A. Well — I guess, dumb.
Q. Well, did you know they were going to introduce evidence against you —
A. No, sir.
Q. — seized at — if you had known that they were going to introduce evidence that was seized from the house, would you have taken the plea offer?
A. Yes, sir. One year probation, thousand dollar fine. I’ve been down 16 months now.
Unsurprisingly, the trial court did not find Cleveland’s after-the-fact, self-serving assertion credible, just as the jury had rejected Cleveland’s false claims at trial that he had nothing to do with the extensive drug manufacturing materials found in his house and van.20 Decisions regarding credibility are uniquely the province of the trier of fact.21
The record supports the trial court’s finding that Cleveland failed to demonstrate, through his testimony at the motion for new trial hearing or otherwise, that but for his counsel’s failure to avail himself of the State’s open file policy, there is a reasonable probability that Cleveland would have accepted the State’s pretrial plea offer.

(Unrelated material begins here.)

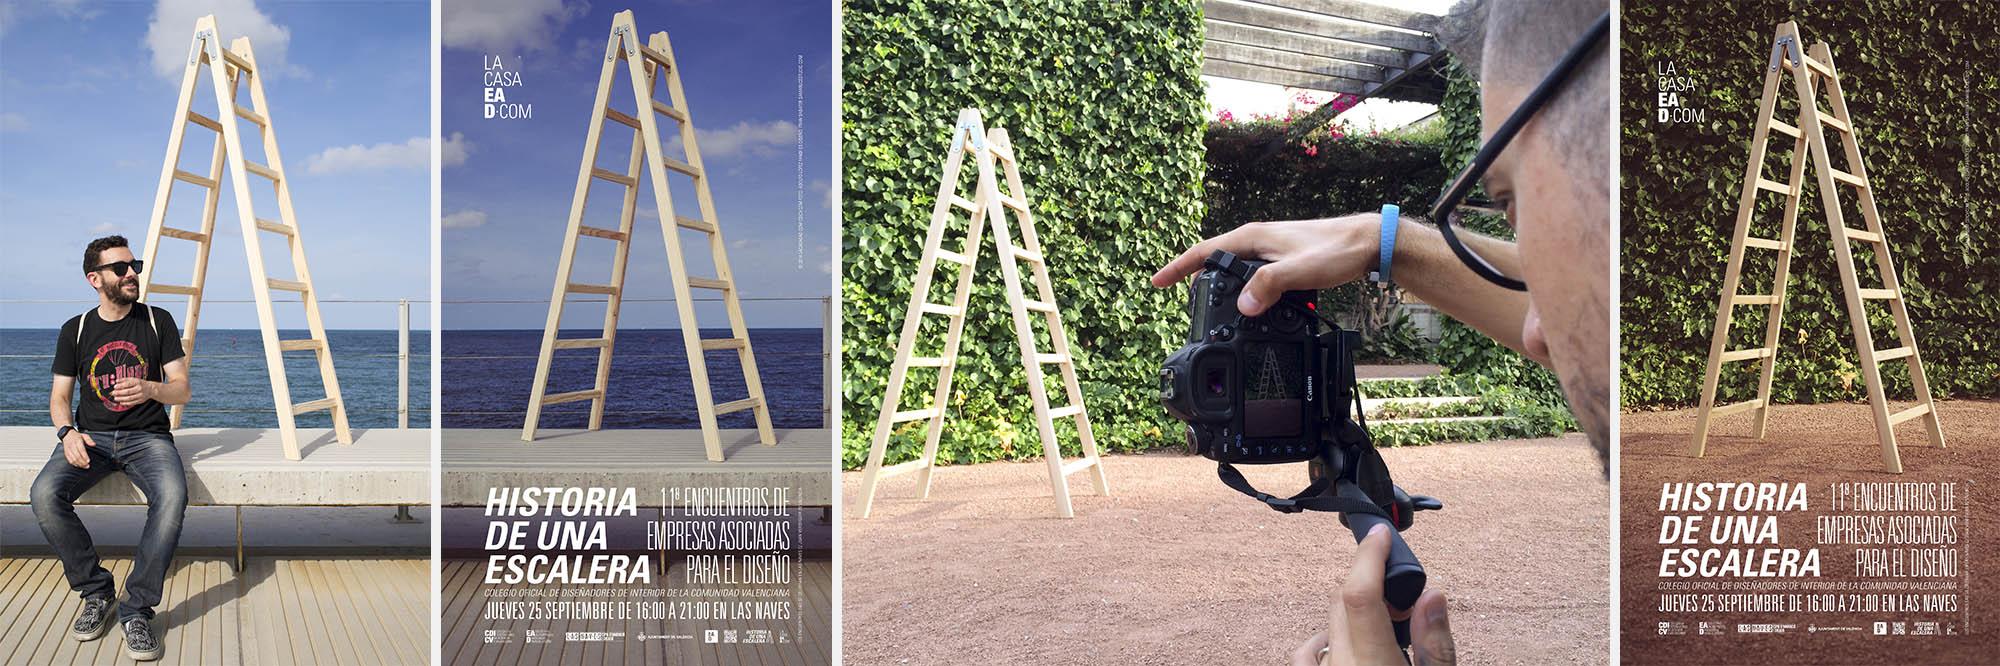 Encuentros EAD 2014 | Proyecto de diseño gráfico para el CDICV Colegio Oficial de Diseñadores de Interior de la Comunidad Valenciana | samarucestudio.com

Before, during, and after trial, Cleveland adamantly and consistently insisted that he had nothing to do with the drugs and other items that formed the basis for his convictions. After rejecting a pretrial [148]*148plea deal in which he would have only received probation, Cleveland still chose to stand trial after he learned of the additional evidence seized from his house that would be used against him.22 Cleveland did not immediately suffer the potential consequences posed by this additional evidence, however, because the trial court briefly suspended the trial proceedings in order to give Cleveland’s counsel an opportunity to argue for the suppression of the evidence. After a full hearing on the motion to suppress with Cleveland in attendance, the motion was denied. Now armed with the knowledge that the evidence from the house would definitely be introduced at trial, Cleveland continued to maintain his steadfast insistence that he had nothing to do with any drugs. Cleveland took the stand in his own defense at trial and testified, with respect to any items found in the van and in his house, that he had nothing to do with them or with the manufacture of any methamphetamine. After being found guilty, Cleveland continued to argue his complete innocence, telling the jury “[y]ou guys are wrong. ... I had nothing to do with it, nothing at all.” Contrary to any indication that Cleveland would have pled guilty had he known about evidence from his house being used at his trial, Cleveland consistently indicated throughout the proceedings that no deal would have been appropriate, because he was completely innocent of any crime. In light of Cleveland’s steadfast denials in the face of all of the evidence presented against him, it strains credulity for him to assert that he would have ever pled guilty.
Cleveland failed to carry his burden of proving a reasonable probability that, but for counsel’s deficient performance, he would have pled guilty. Accordingly, he failed to show Strickland prejudice, and the trial court was correct to deny his motion for new trial.
Judgment affirmed.
All the Justices concur, except Hunstein, P. J., who dissents.